# TASK DESCRIPTION
Select and copy out every line in the records containing "acidic".

# Recorded data
· · · ·

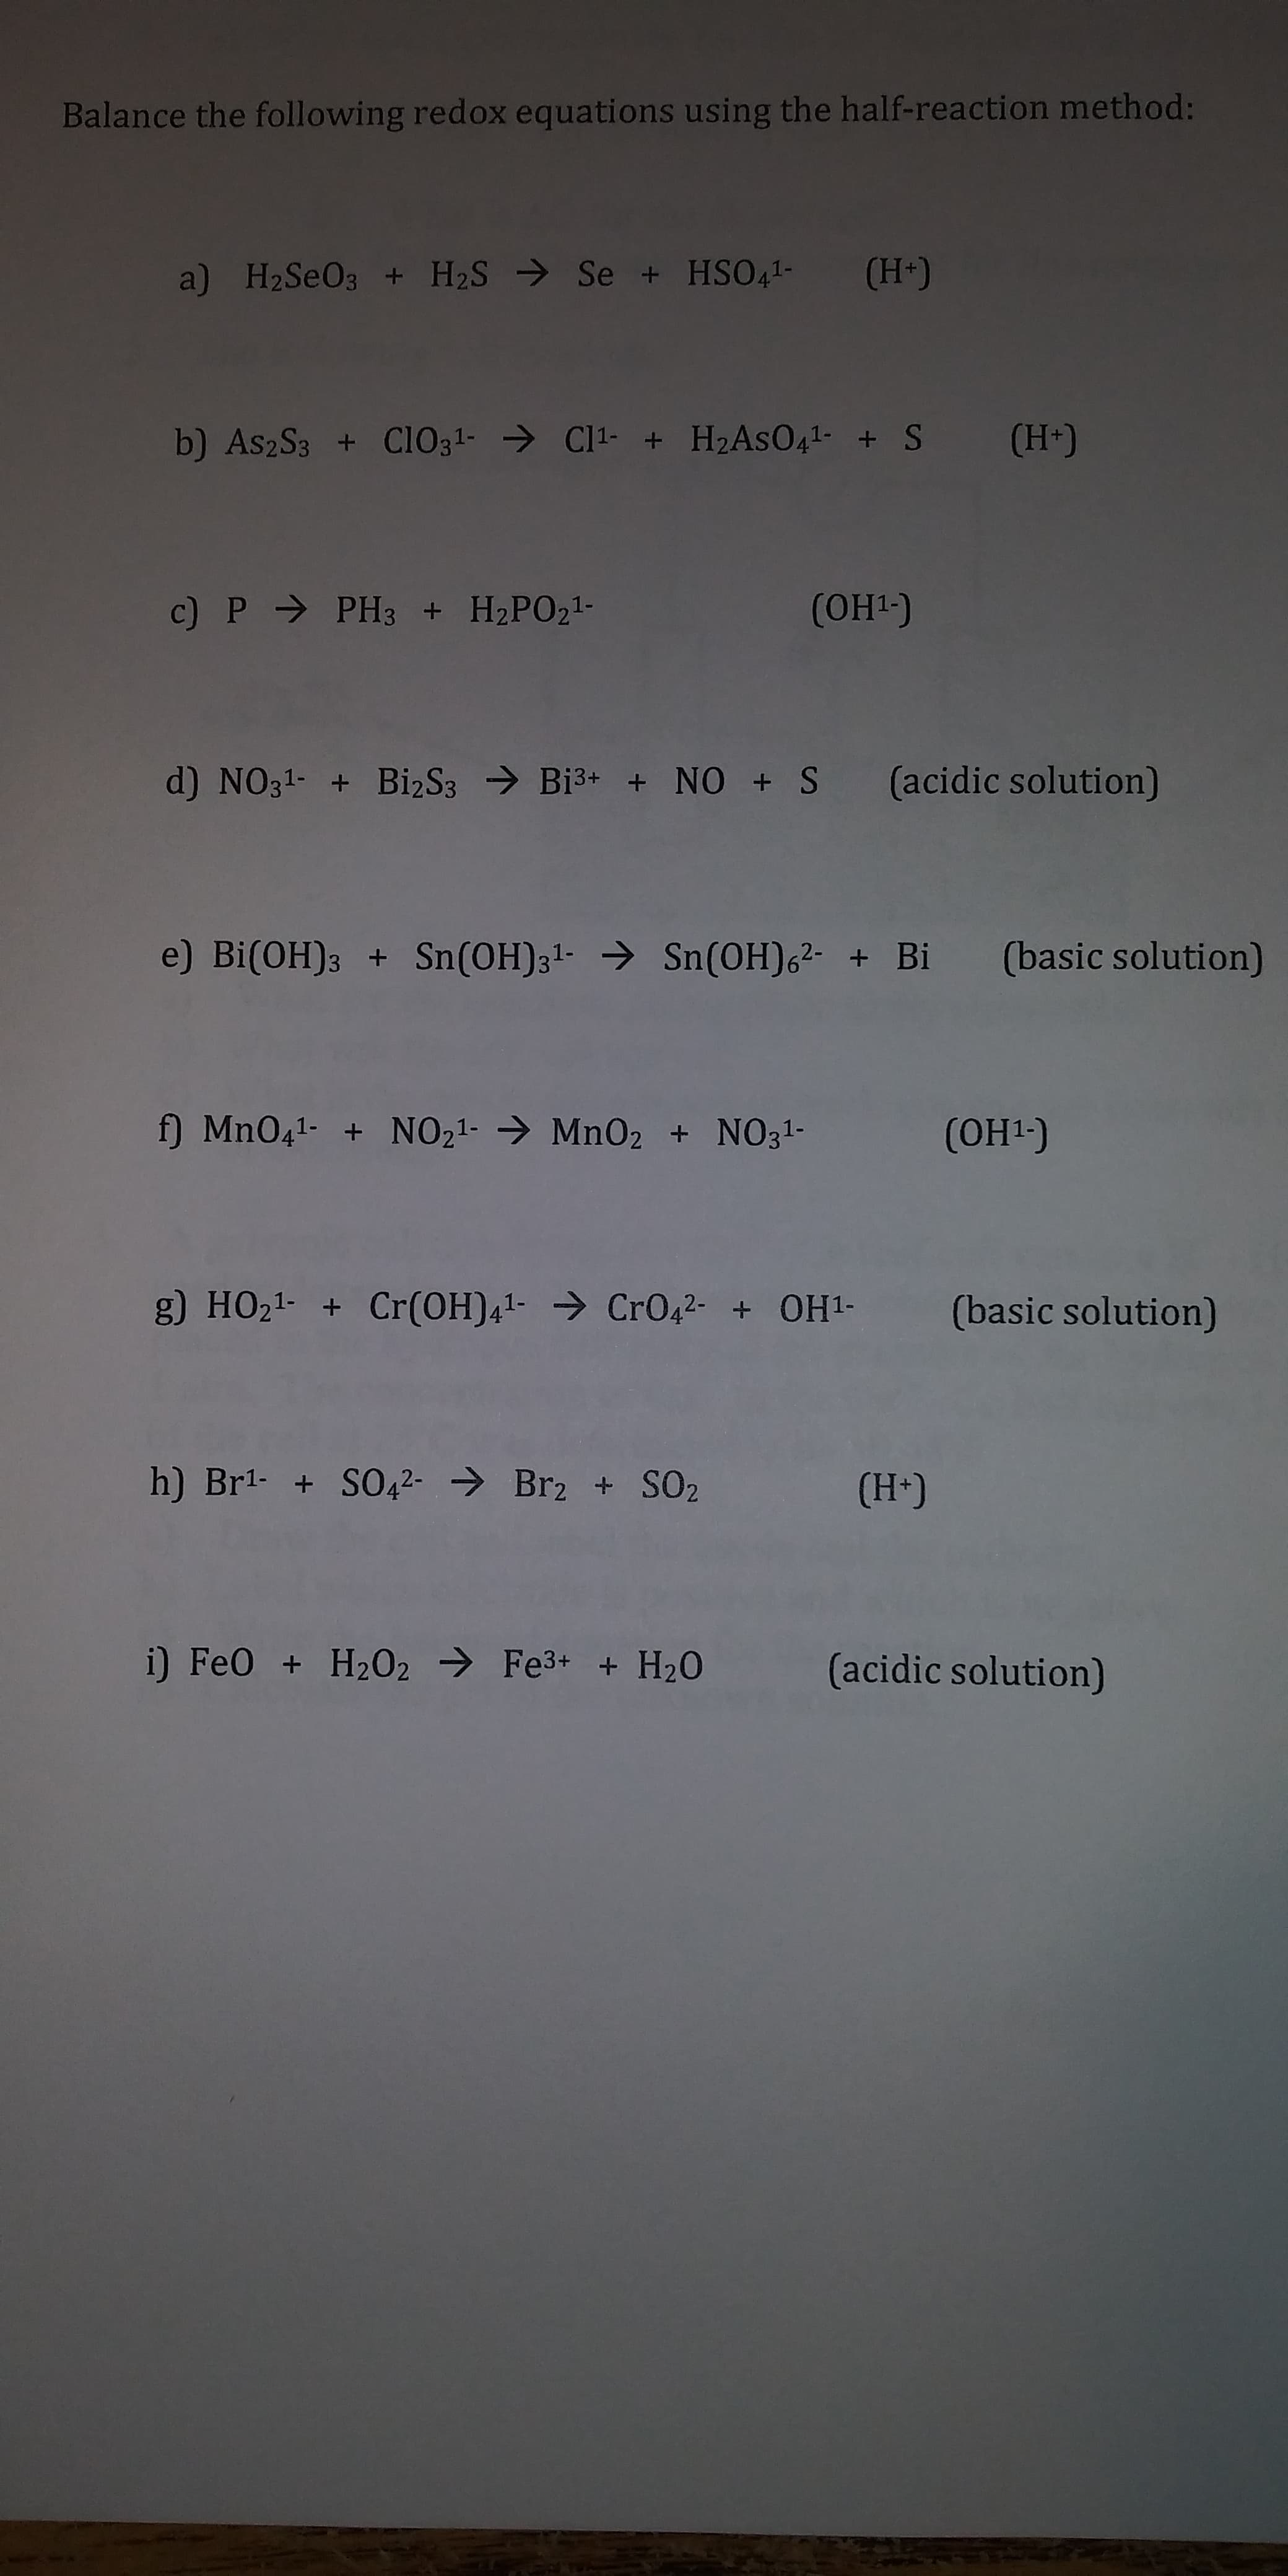 Balance the following redox equations using the half-reaction method:
+HPO(OH)
d) N031- + BizSs
Bi3+ + NO + S (acidic solution)
e) Bi(OH)3 + Sn (OH)31- Sn (OH)62
Bi (basic solution)
g) HO2+Cr(OH)Cro+ OH1 (basic solution)
+ SO2 (H)
i) Feo + H202
Fe3 H20
(acidic solution)

· · · ·

# TASK SOLUTION
Bi3+ + NO + S (acidic solution)
(acidic solution)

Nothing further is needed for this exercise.